- _DESCRIPTION OF THE TASK_:
Print the data verbatim. Leave every image out.

- _STORED DATA_:
.....

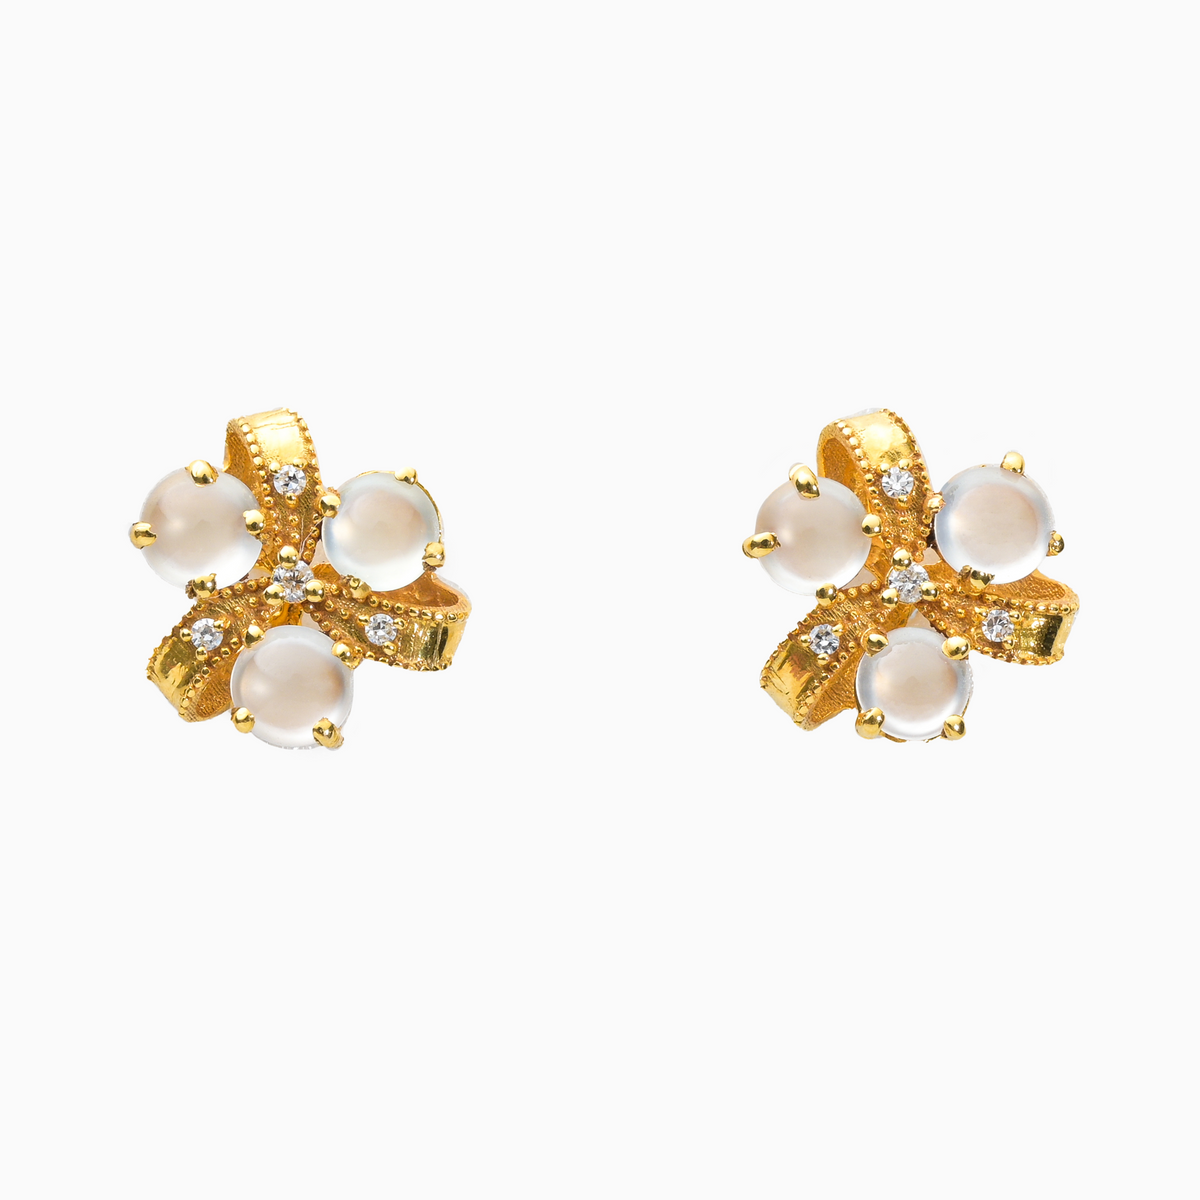 Silken White Jadeite Diamond Earrings
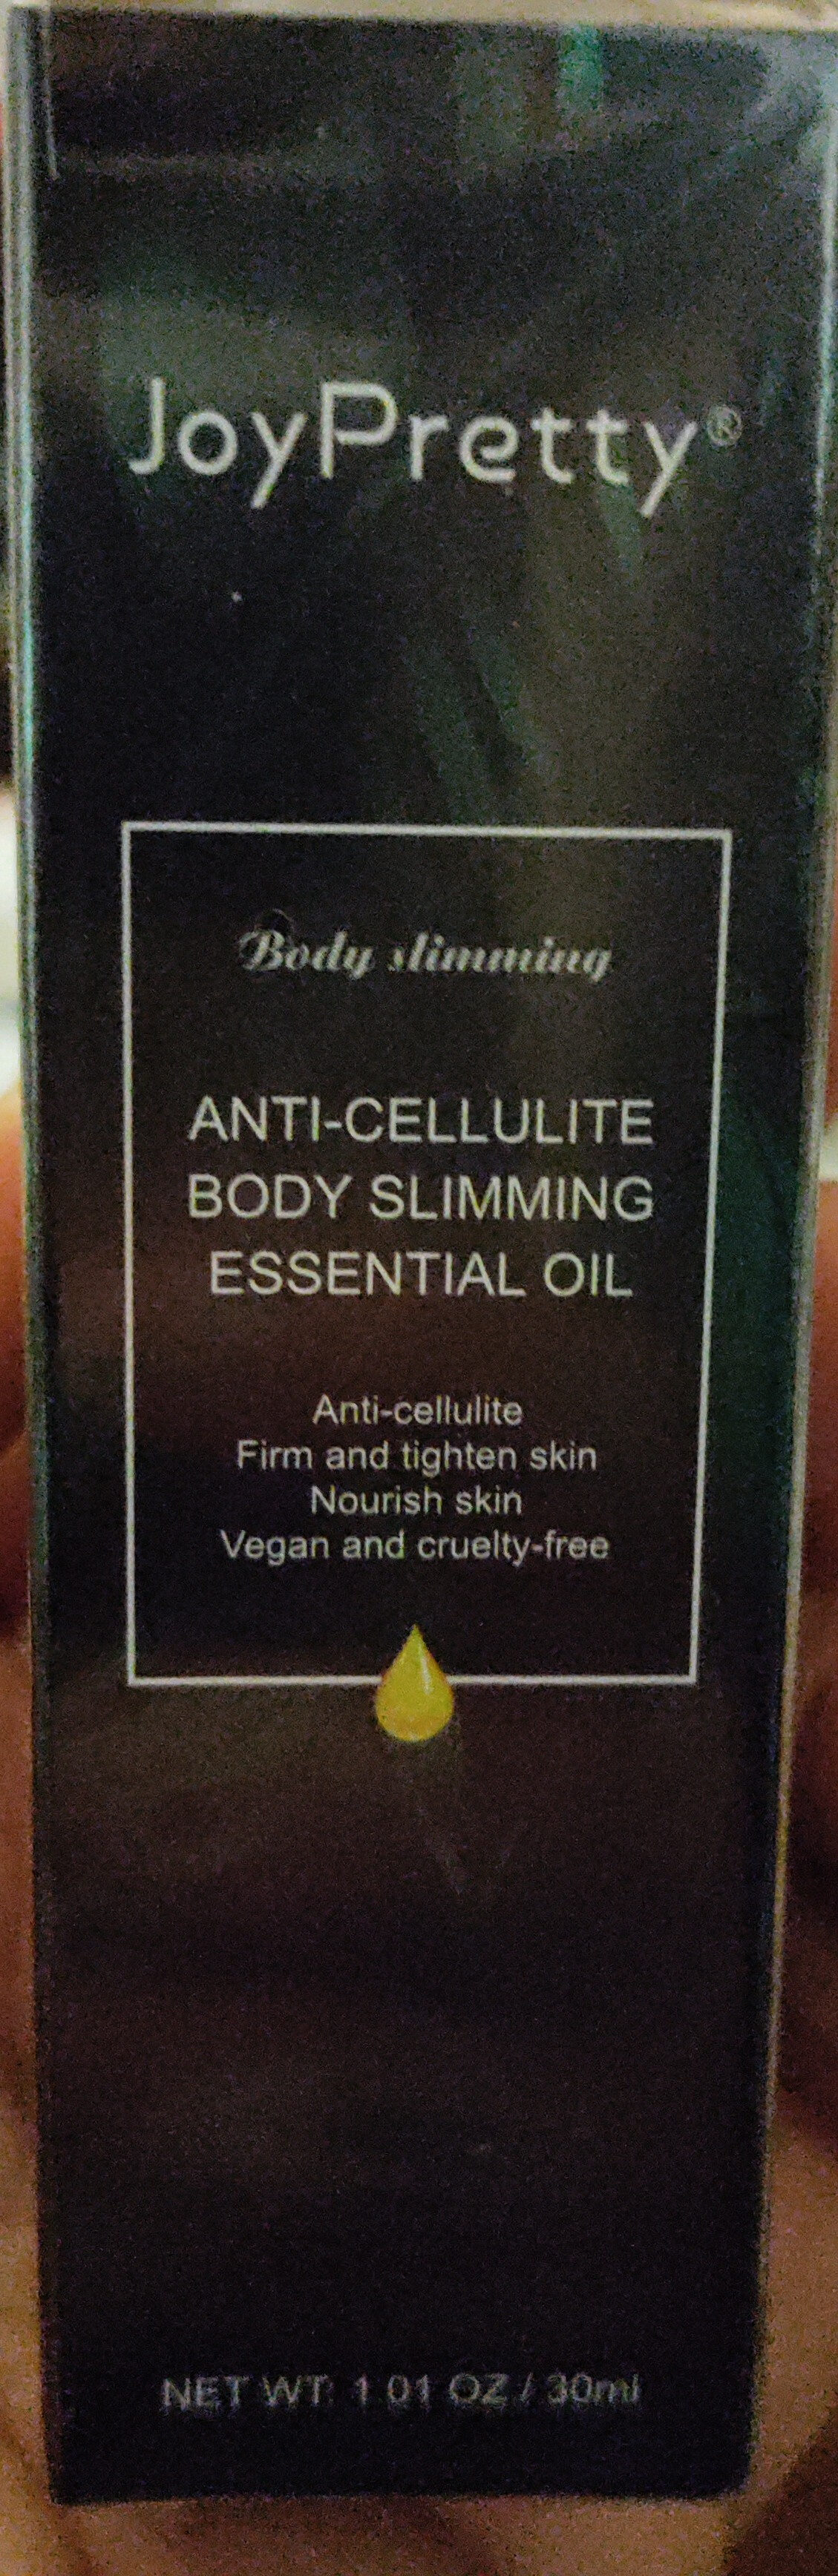 Anti-cellulite Body slimming essential oil - מוצר - fr
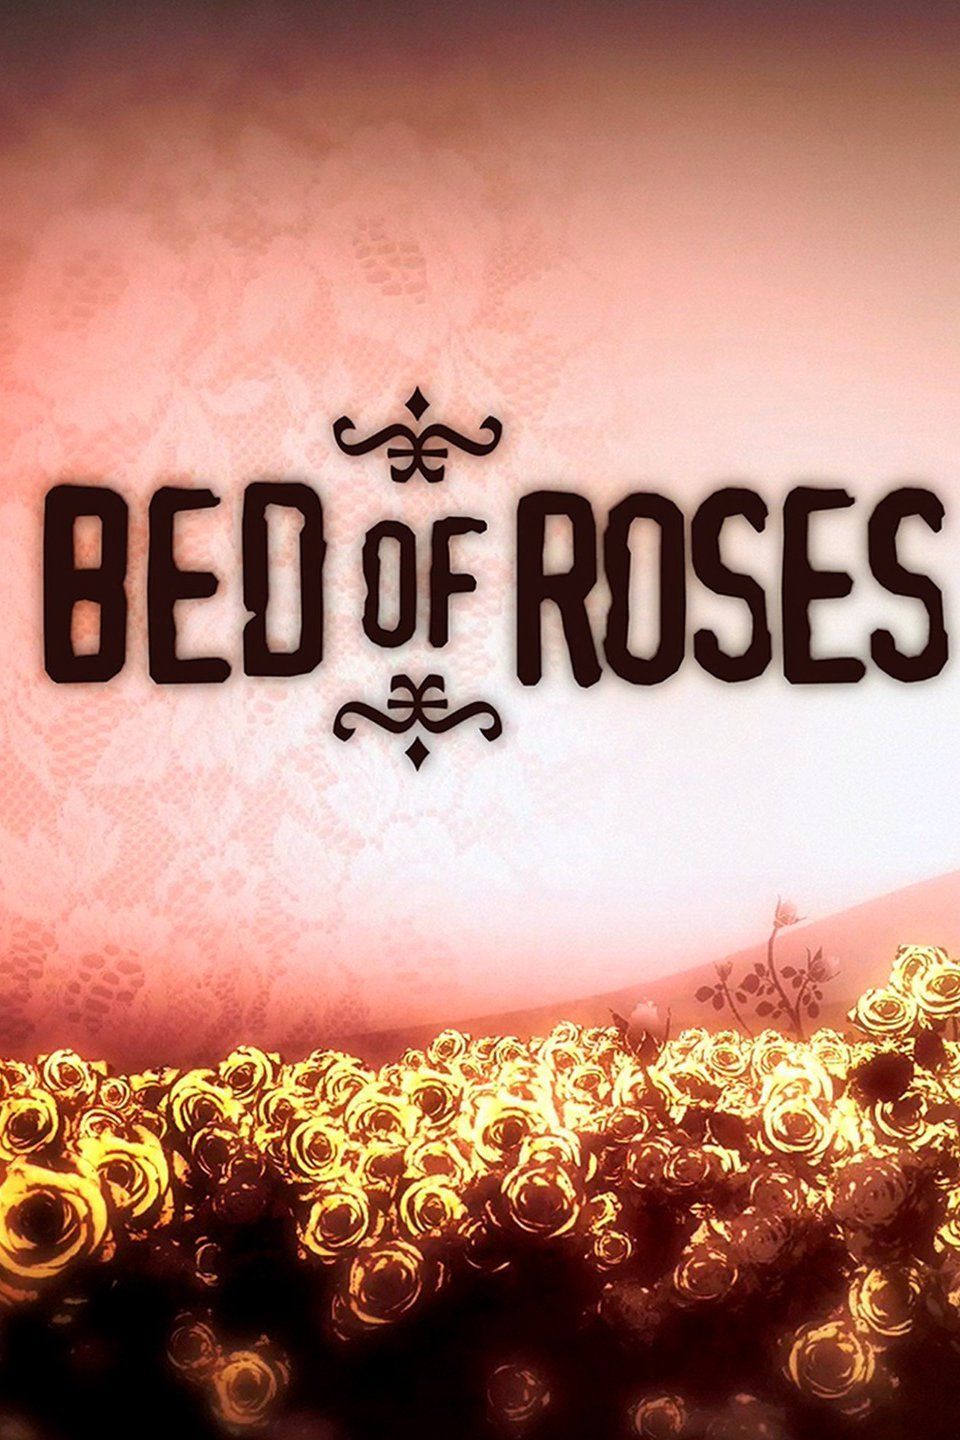 Bed of Roses ne zaman

.....

- _RESULT OF THIS EXERCISE_:
 Silken White Jadeite Diamond Earrings
 Anti-cellulite Body slimming essential oil - מוצר - fr
 Bed of Roses ne zaman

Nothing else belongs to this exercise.